◆ **The data**
((

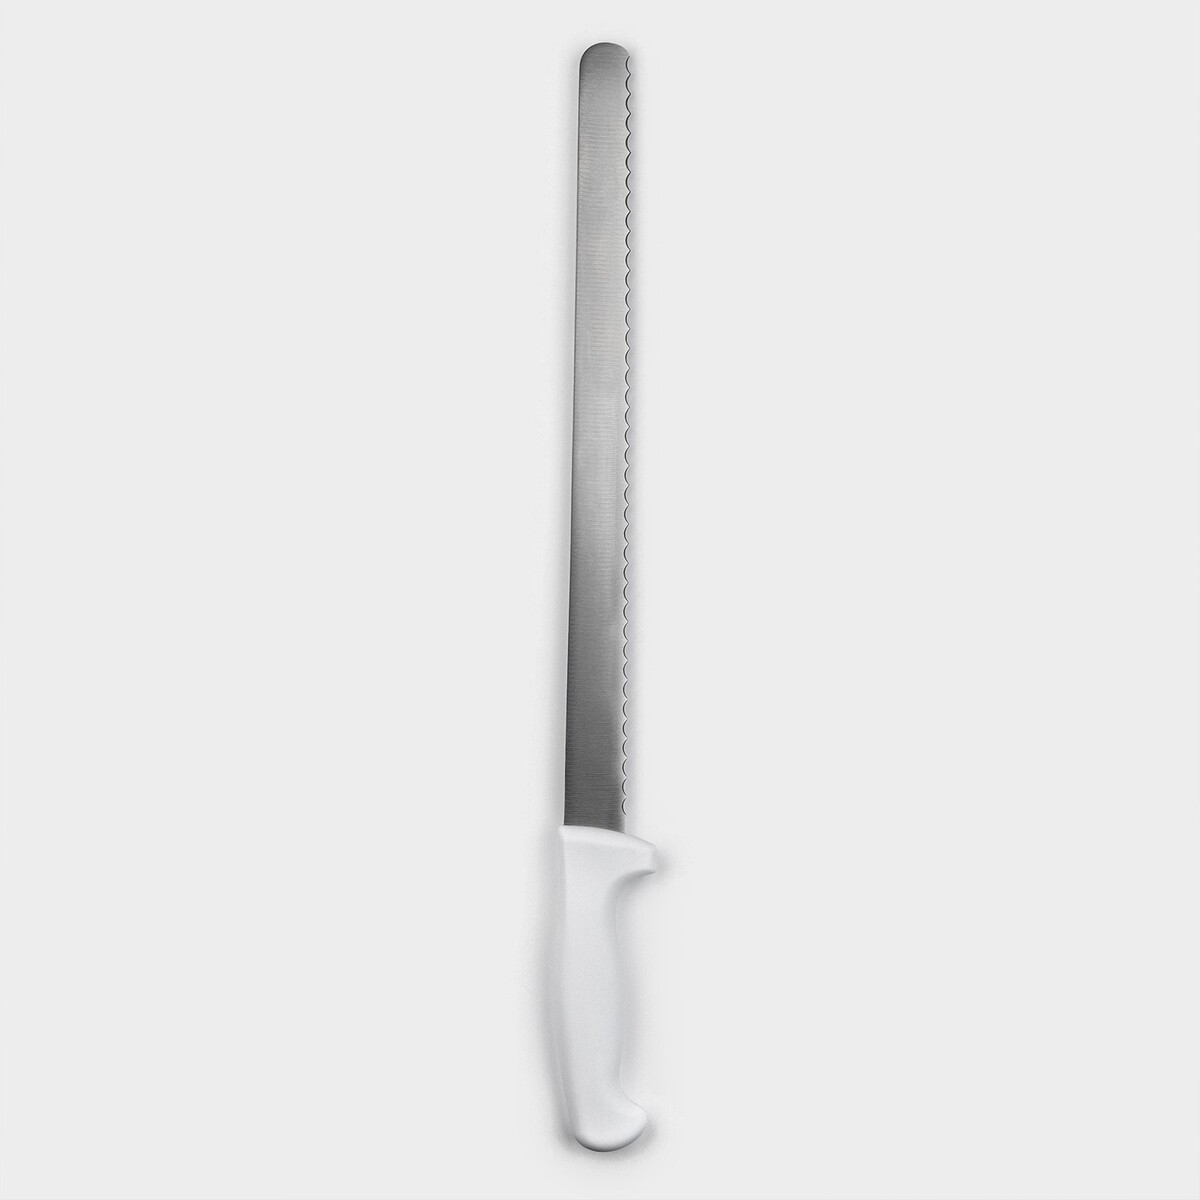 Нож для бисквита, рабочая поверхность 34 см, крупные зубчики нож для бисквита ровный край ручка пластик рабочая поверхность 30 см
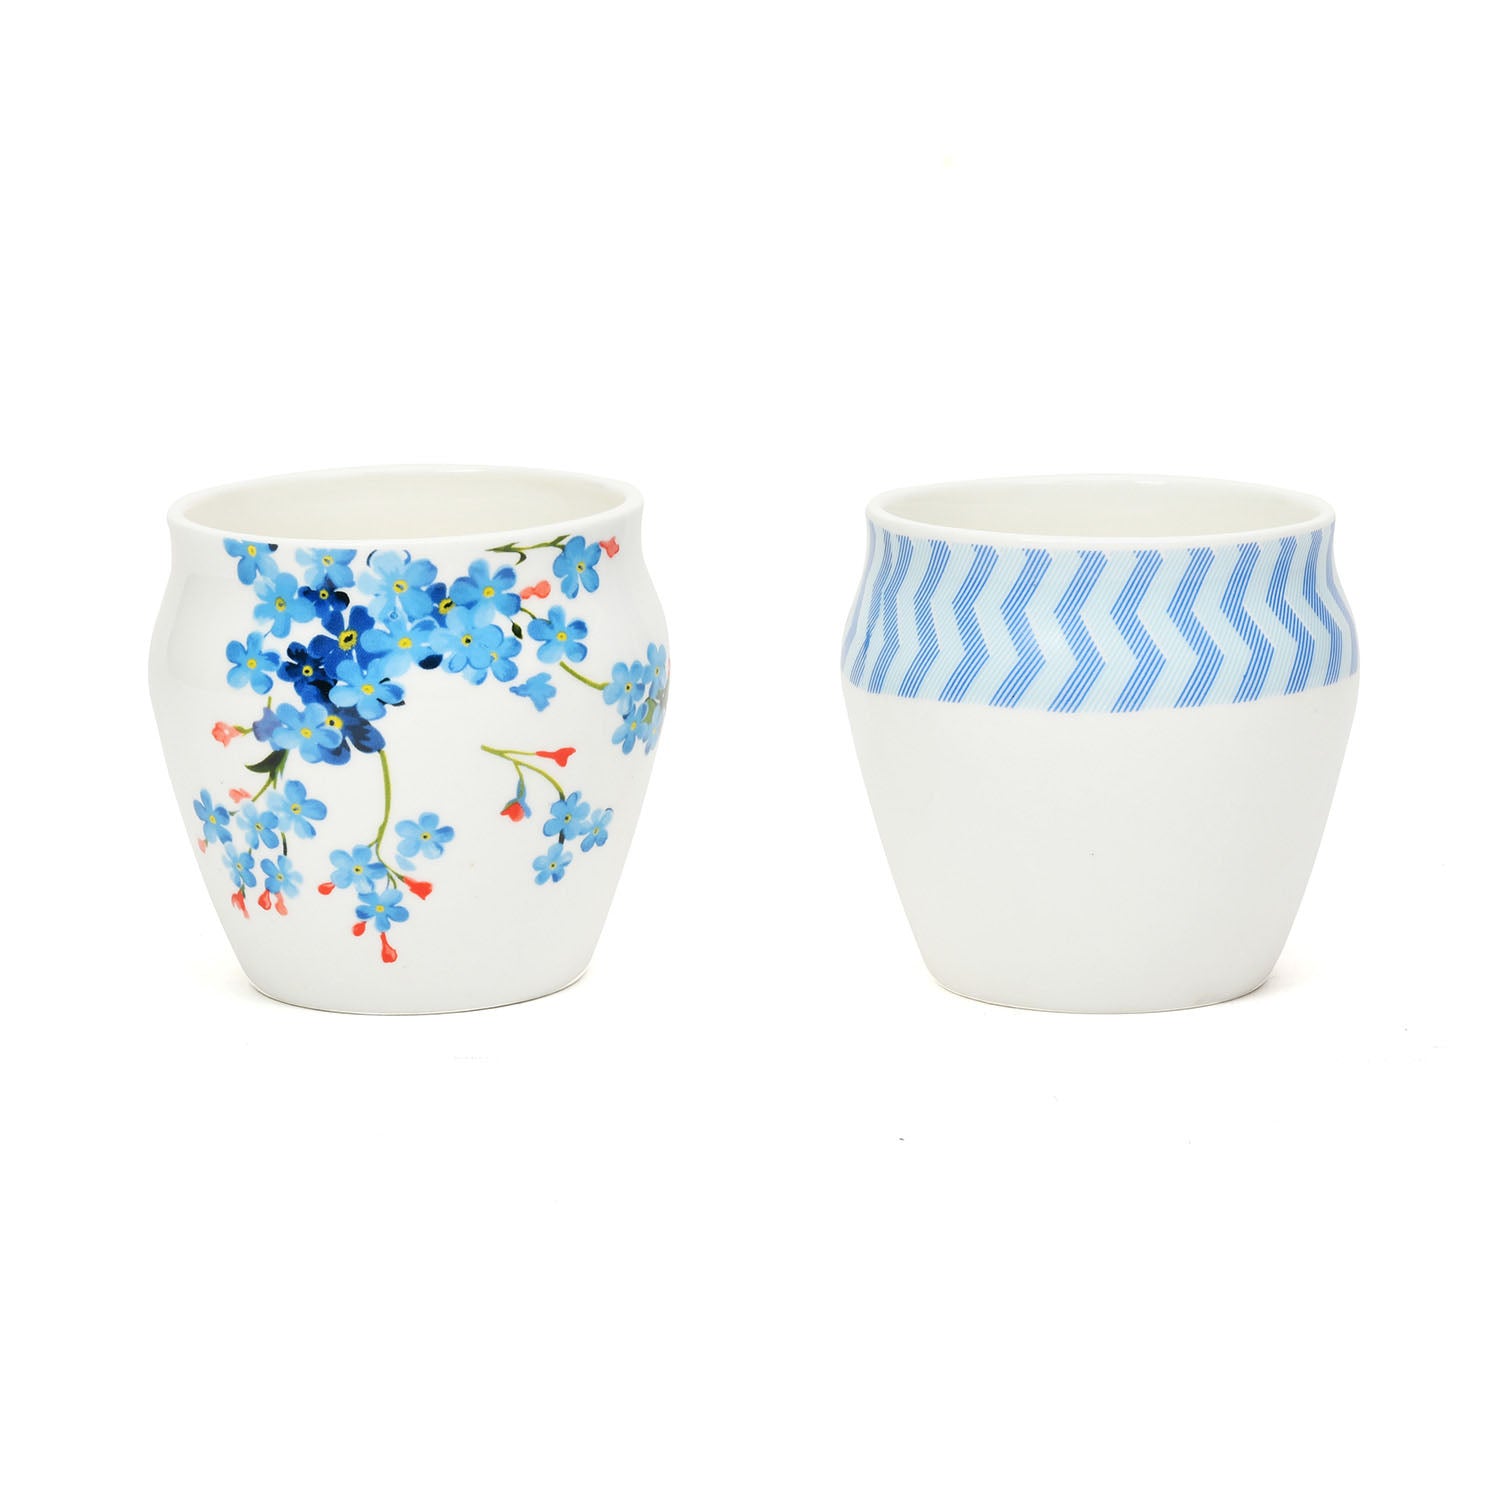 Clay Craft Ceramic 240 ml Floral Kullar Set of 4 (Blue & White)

))
((

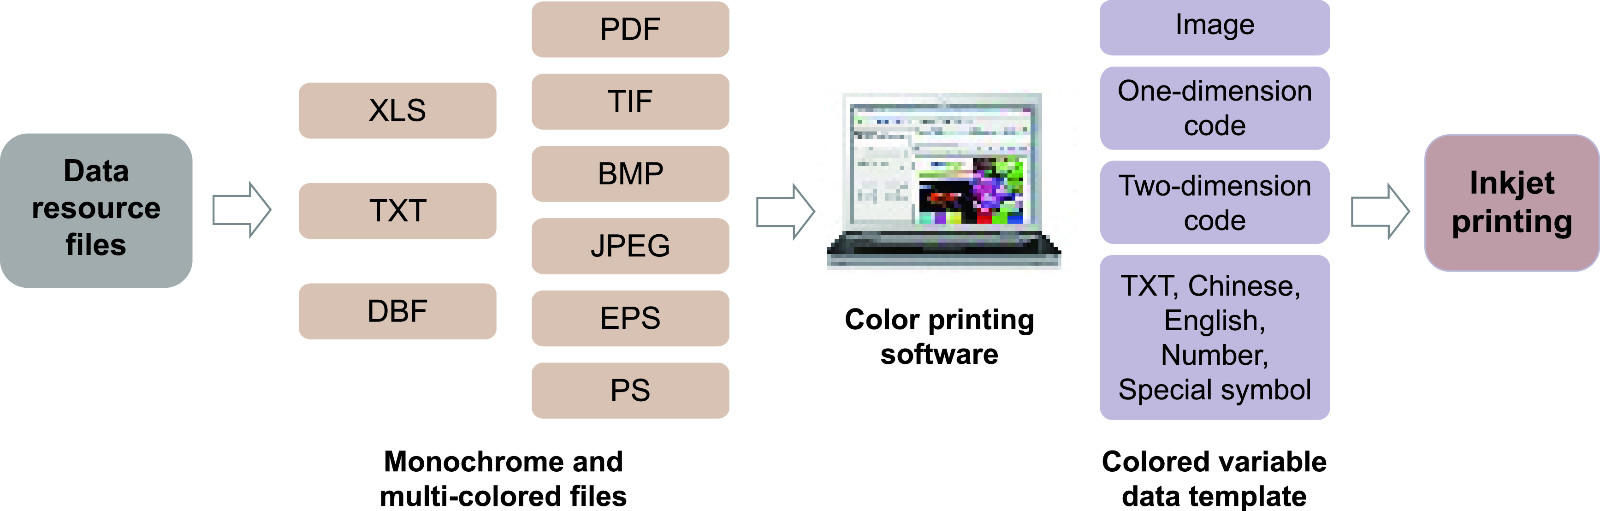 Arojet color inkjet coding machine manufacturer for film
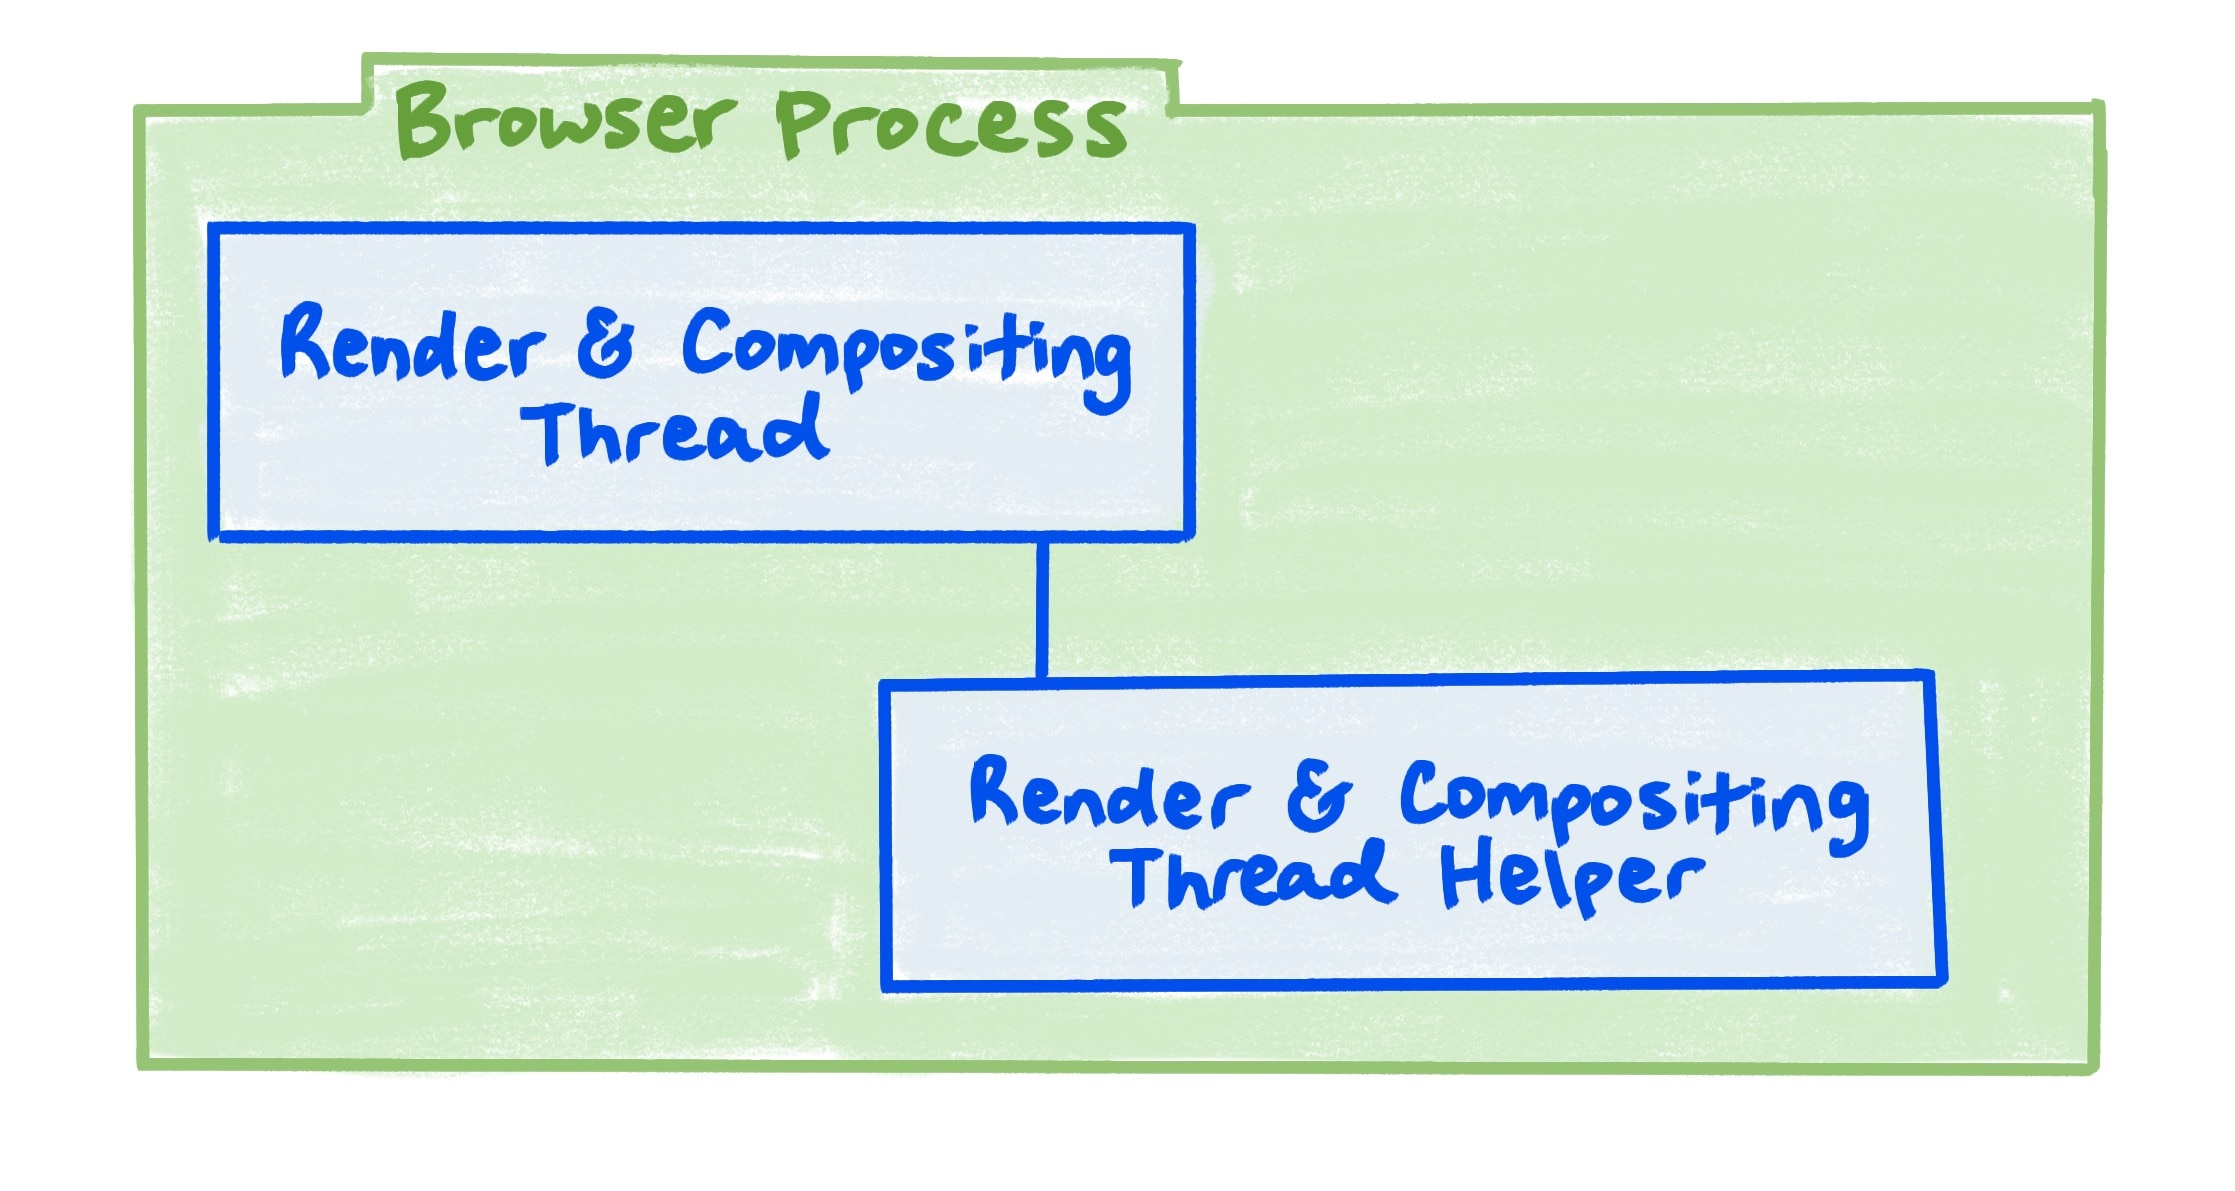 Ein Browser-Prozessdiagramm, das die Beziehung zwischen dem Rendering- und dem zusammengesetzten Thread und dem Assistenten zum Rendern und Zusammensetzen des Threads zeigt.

))
((

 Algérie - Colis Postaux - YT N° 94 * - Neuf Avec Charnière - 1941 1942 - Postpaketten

))

◆ **Exercise description**
Copy the lines above exactly, starting with the line that contains "Нож для бисквита, рабочая" and ending with the line that contains "Clay Craft Ceramic", and leave out any pictures.

◆ **Task answer**
 Нож для бисквита, рабочая поверхность 34 см, крупные зубчики нож для бисквита ровный край ручка пластик рабочая поверхность 30 см
 Clay Craft Ceramic 240 ml Floral Kullar Set of 4 (Blue & White)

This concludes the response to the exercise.